I assure you, though, I am not the one using a drug. Pure logic should tell you that the person who is clear-headed is going to have a better grasp of the truth. I am not posting to you to try to bring you down a road into misery- you can already see that you are on that very path. Otherwise you wouldn't be posting. I am posting to you to assure that you are quite on the RIGHT path by questioning your alcohol use. "Sobriety" sounds like it means something harsh, stern, not-fun. It is actually quite the opposite in real-life experience though. It is clear skies, it is having the ability to handle life's challenges, it is feeling physically and emotionally great as a baseline. It is a better experience in just about every way possible.
I got there via Carr and Vale, but there are many roads. AA has worked for hundreds of thousands of people. There are other programs like SMART and rational recovery, there is a HUGE community of sober bloggers, some starting at Day One and others who have been sober for years. There are pod-casts. The amount of support available is staggering. There are many, many people who are thriving and living very happy, satisfying lives without any alcohol. Alcohol is just not necessary for a very fulfilling life, and it will actually hinder you, as you are experiencing now.

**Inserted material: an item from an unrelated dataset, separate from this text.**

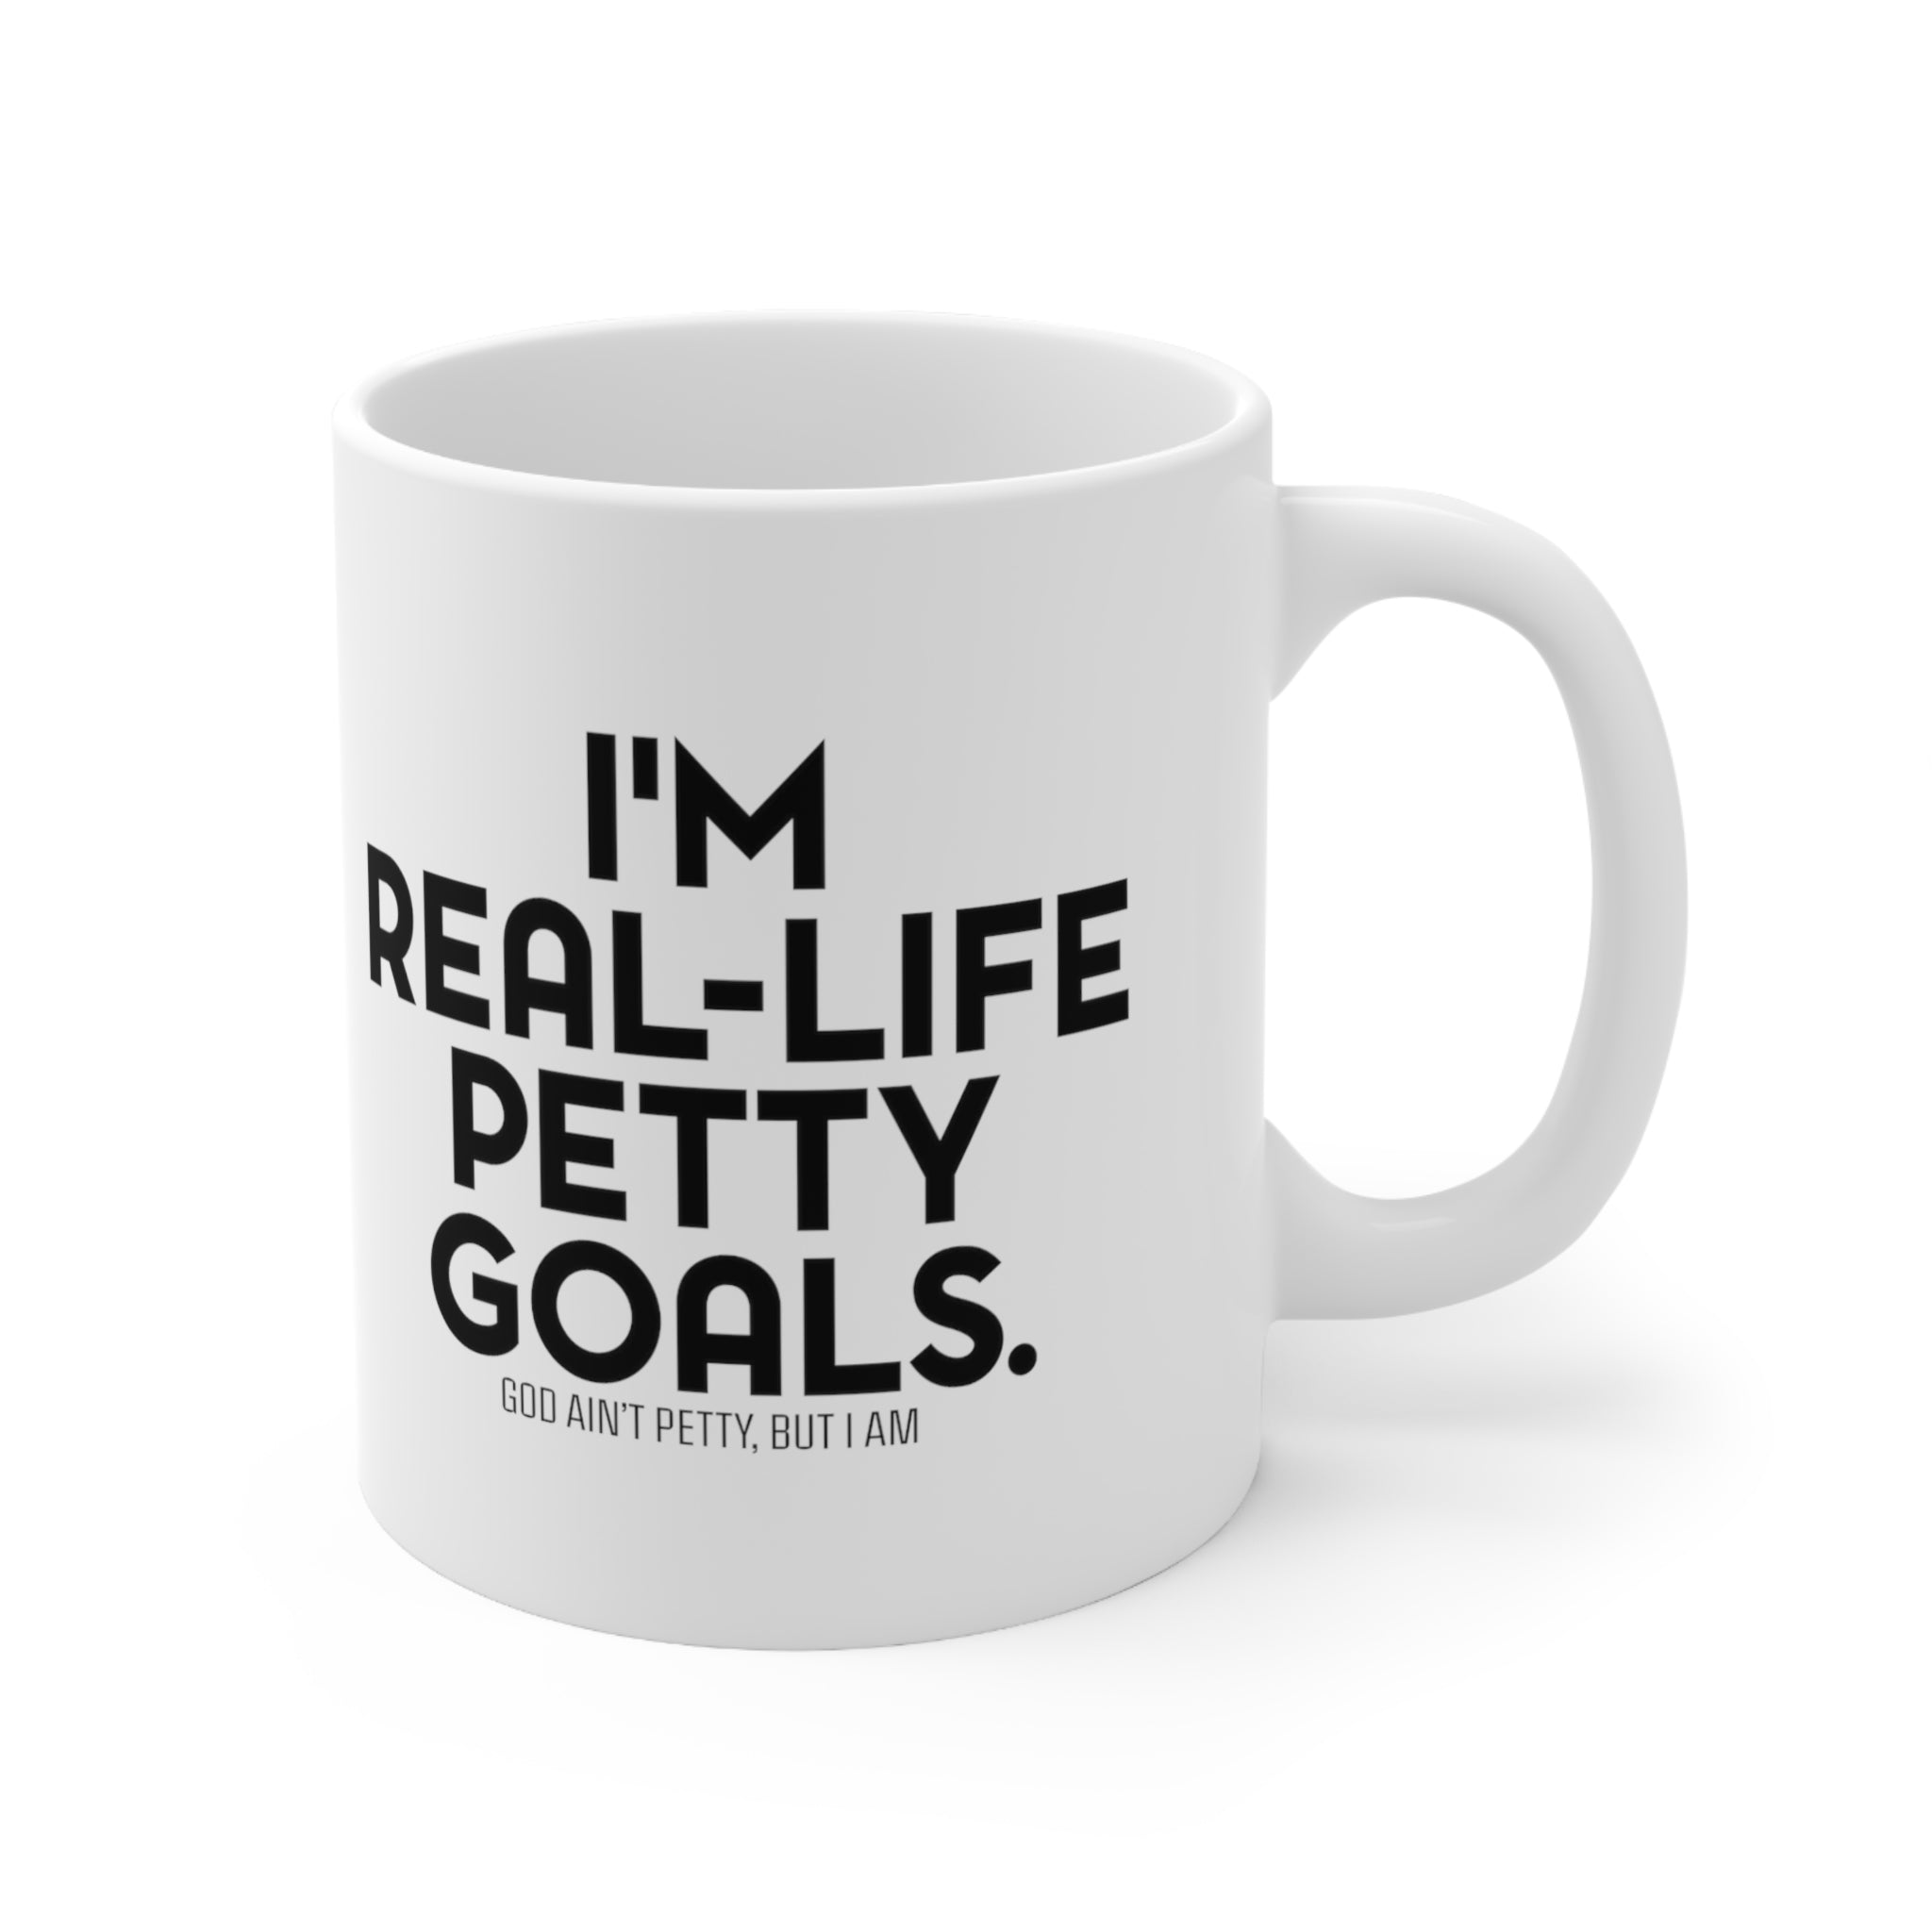 I'm real-life petty goals Mug 11oz (White/Black)-Mug-The Original God Ain't Petty But I Am
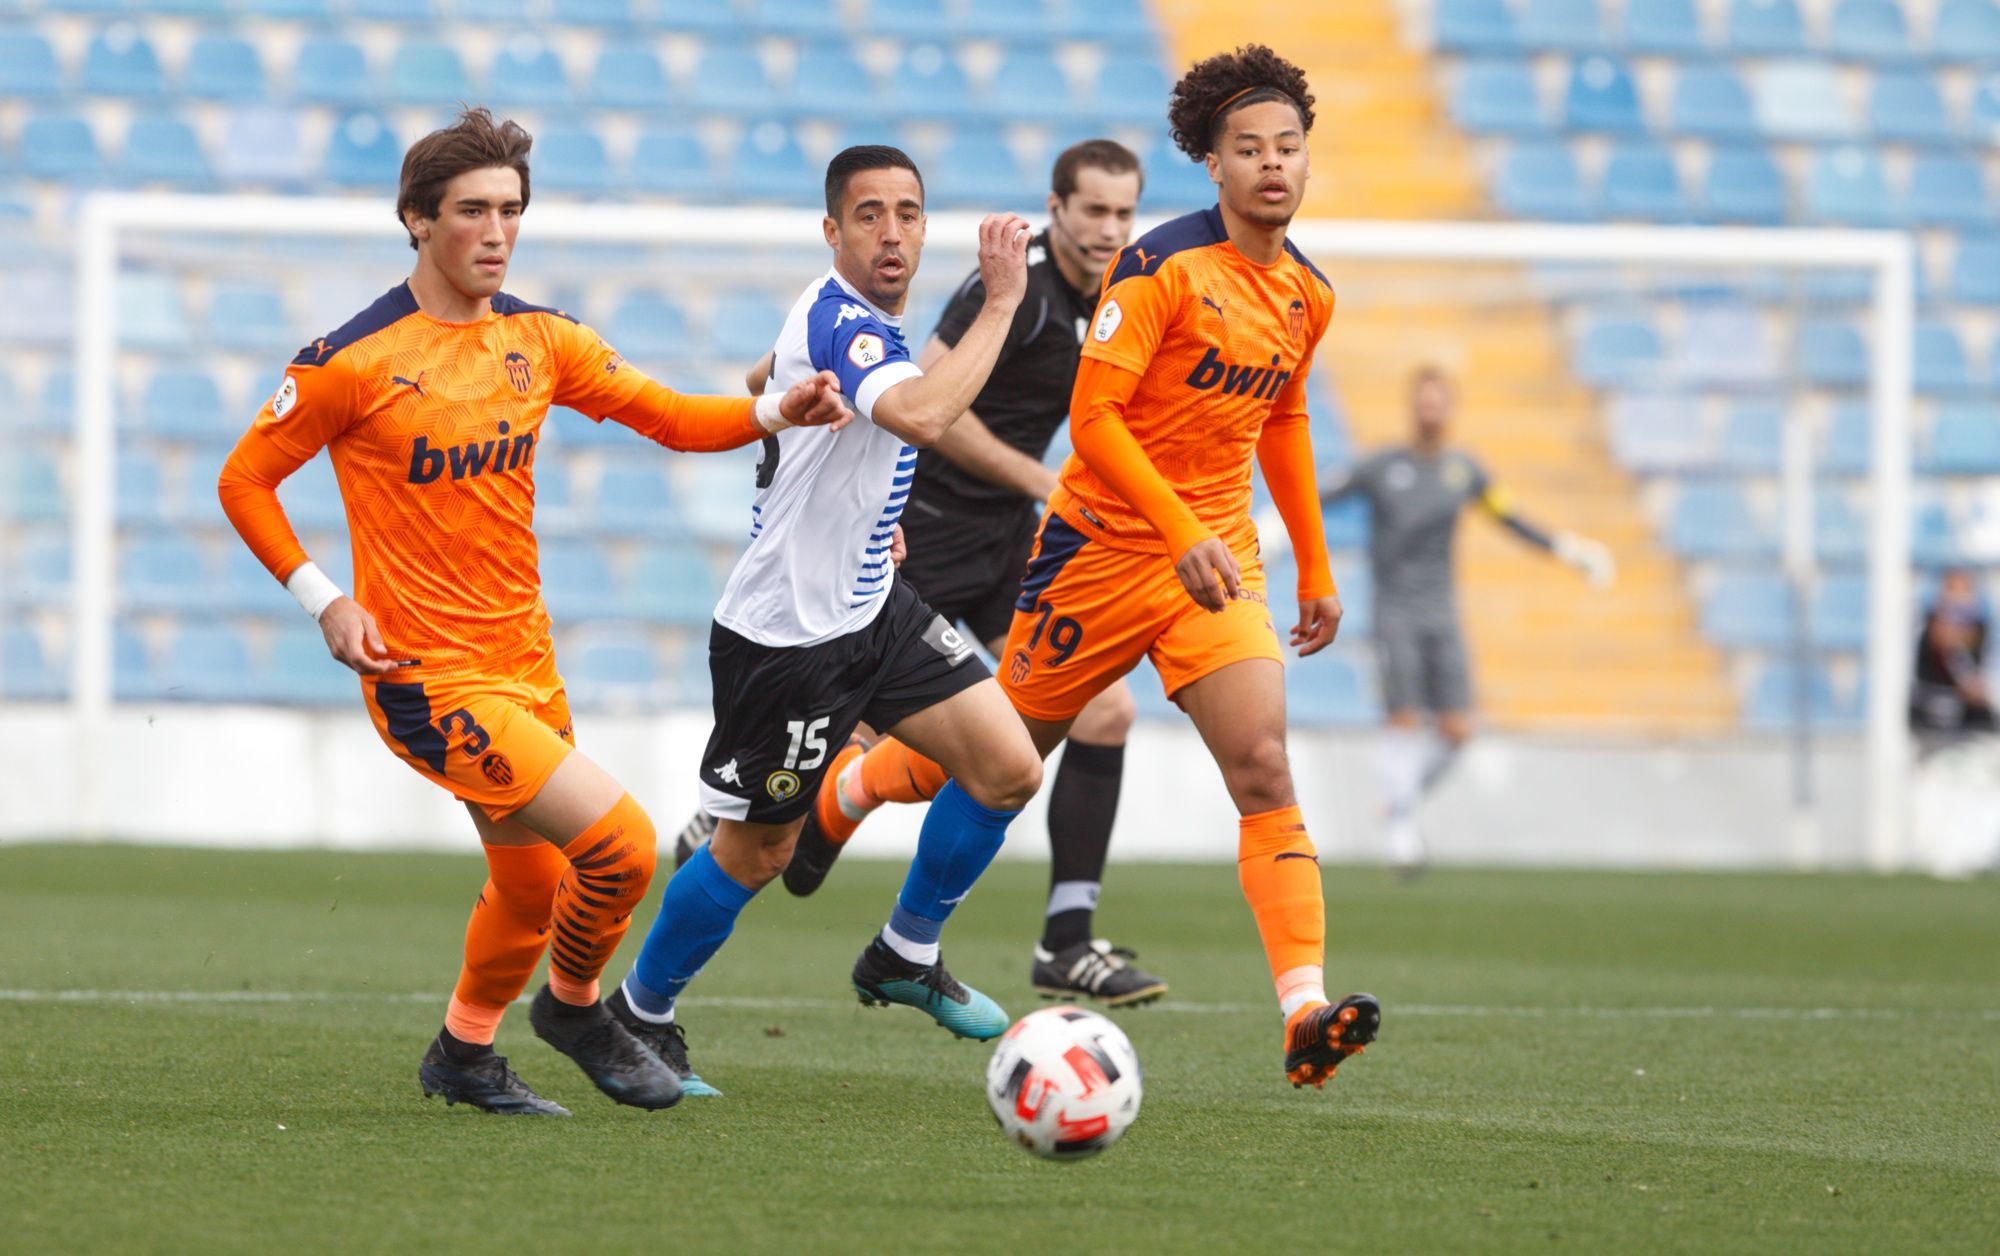 Hércules - Valencia Mestalla, las imágenes del partido

I've followed this thread and it sounds like you are on the brink. I encourage you to keep going, keep thinking about it, do your research. I don't think I am an alcoholic in the true sense of the word, I am just a person who doesn't drink alcohol. The reason is because life is *way better* without it. You don't have to be an alcoholic to experience this and you can say this if your wife asks.
Your life is challenging right now, heavily influenced by your alcohol use. You can change that. You're on the right path. Keep going!!
"Happiness is only the cart; love is the horse."- George Vallliant, long-term director of the 75-year (and continuing) Harvard Grant Study, on the primary contributor to a happy life.